START Supplied records
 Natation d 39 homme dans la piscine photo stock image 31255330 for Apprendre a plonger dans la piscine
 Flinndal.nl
END Supplied records
START Supplied records
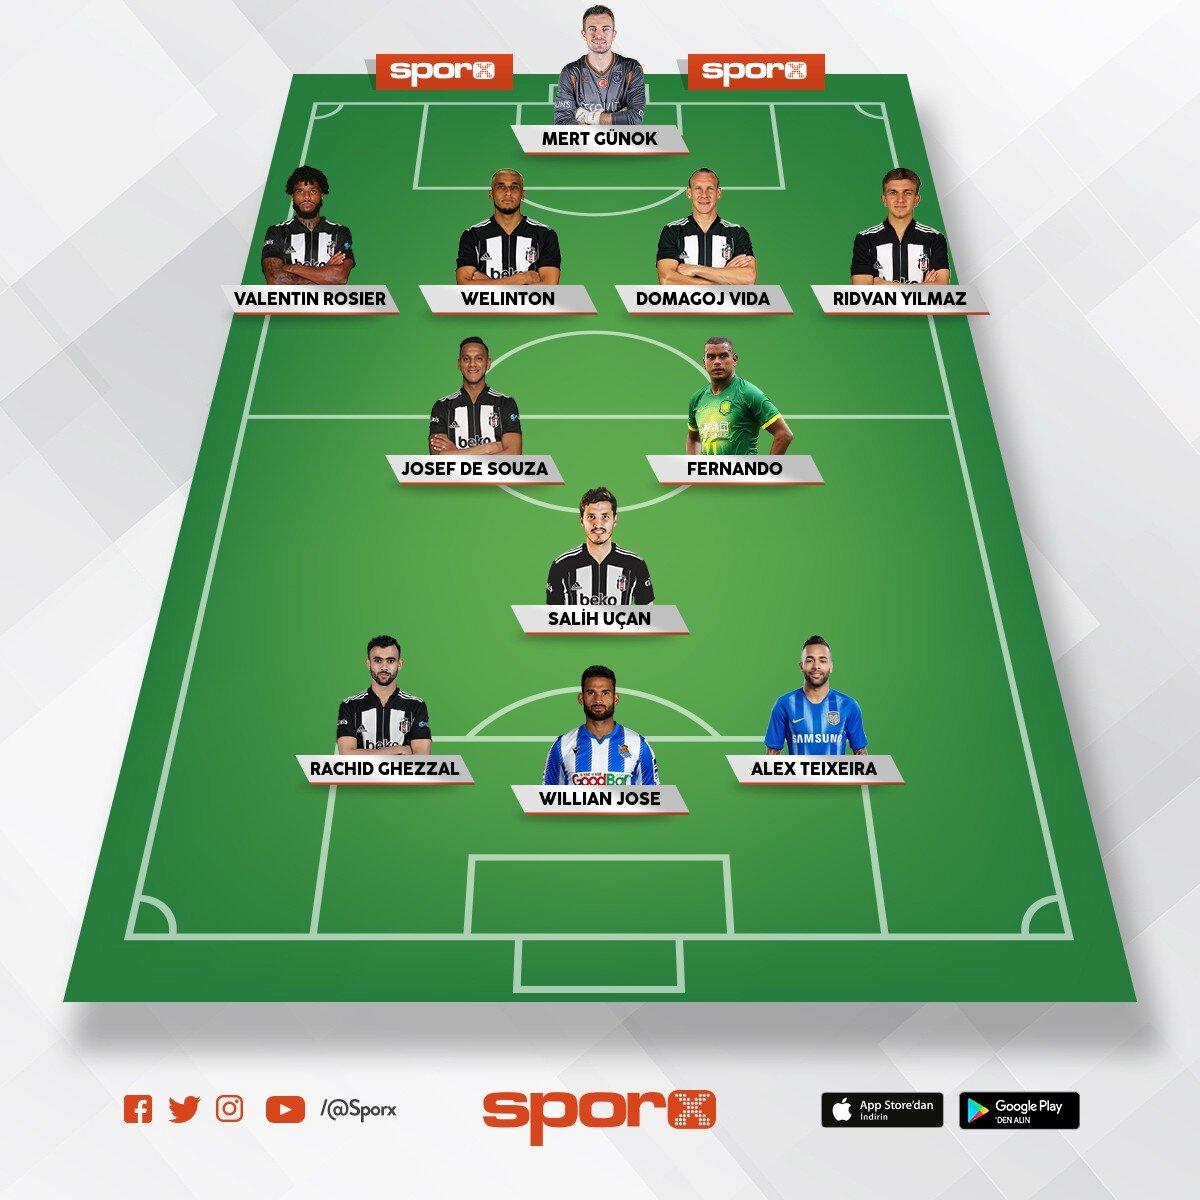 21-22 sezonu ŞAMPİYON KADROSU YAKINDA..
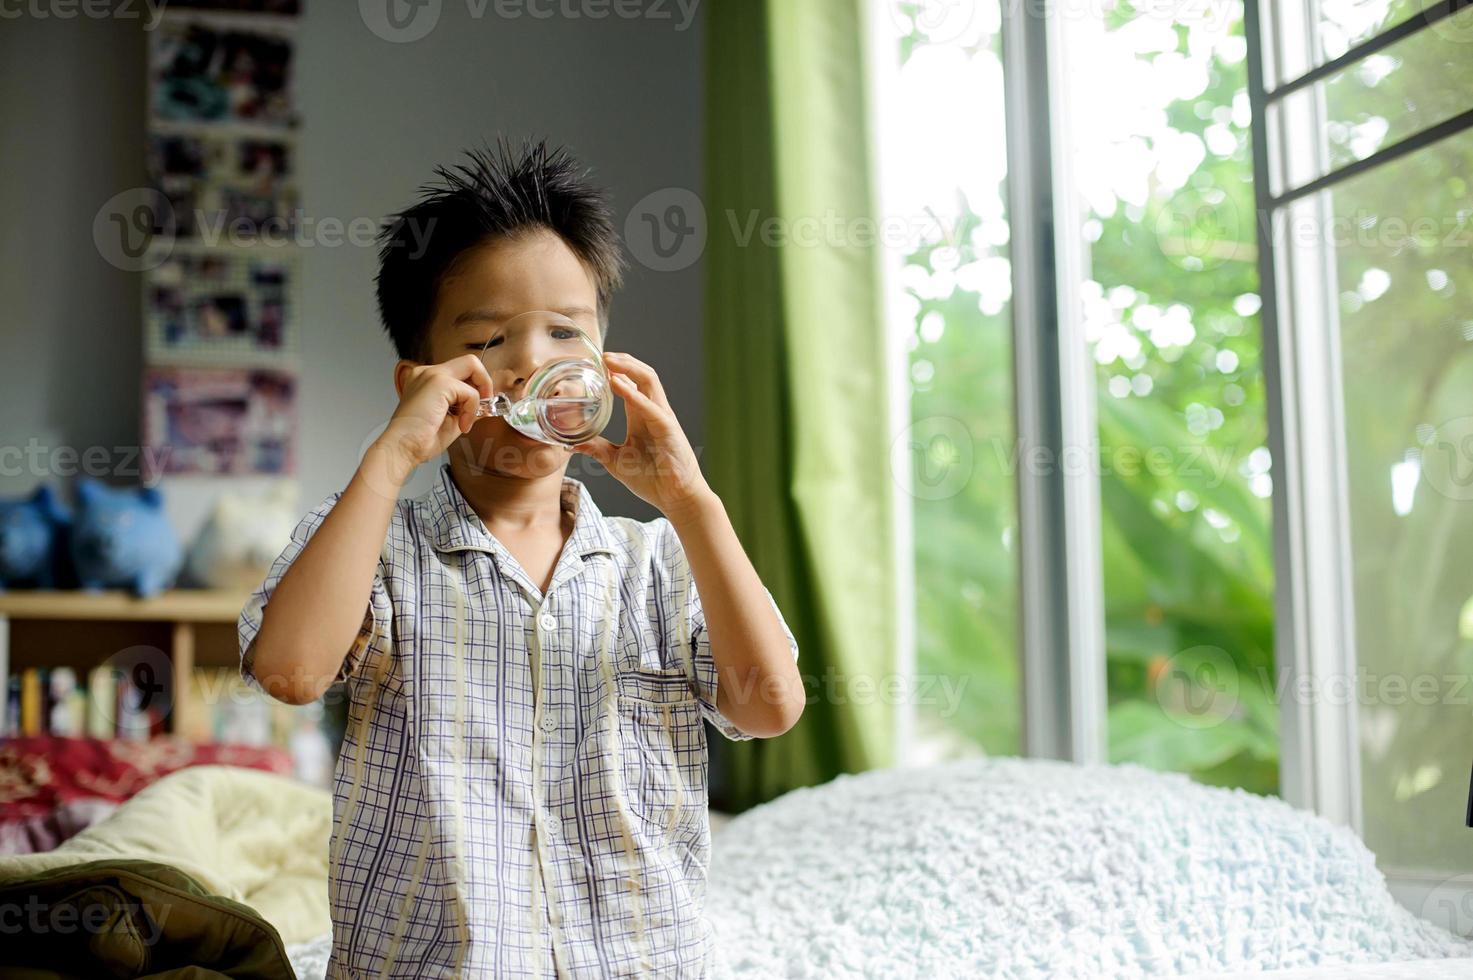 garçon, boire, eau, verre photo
END Supplied records
> [Directions for this task]:
Output exactly the stretch of the listing that begins at the line containing "21-22 sezonu ŞAMPİYON KADROSU YAKINDA.." and ends at the line containing "garçon, boire, eau, verre photo", both kept. Omit pictures and everything else.

> [Completed exercise]:
 21-22 sezonu ŞAMPİYON KADROSU YAKINDA..
 garçon, boire, eau, verre photo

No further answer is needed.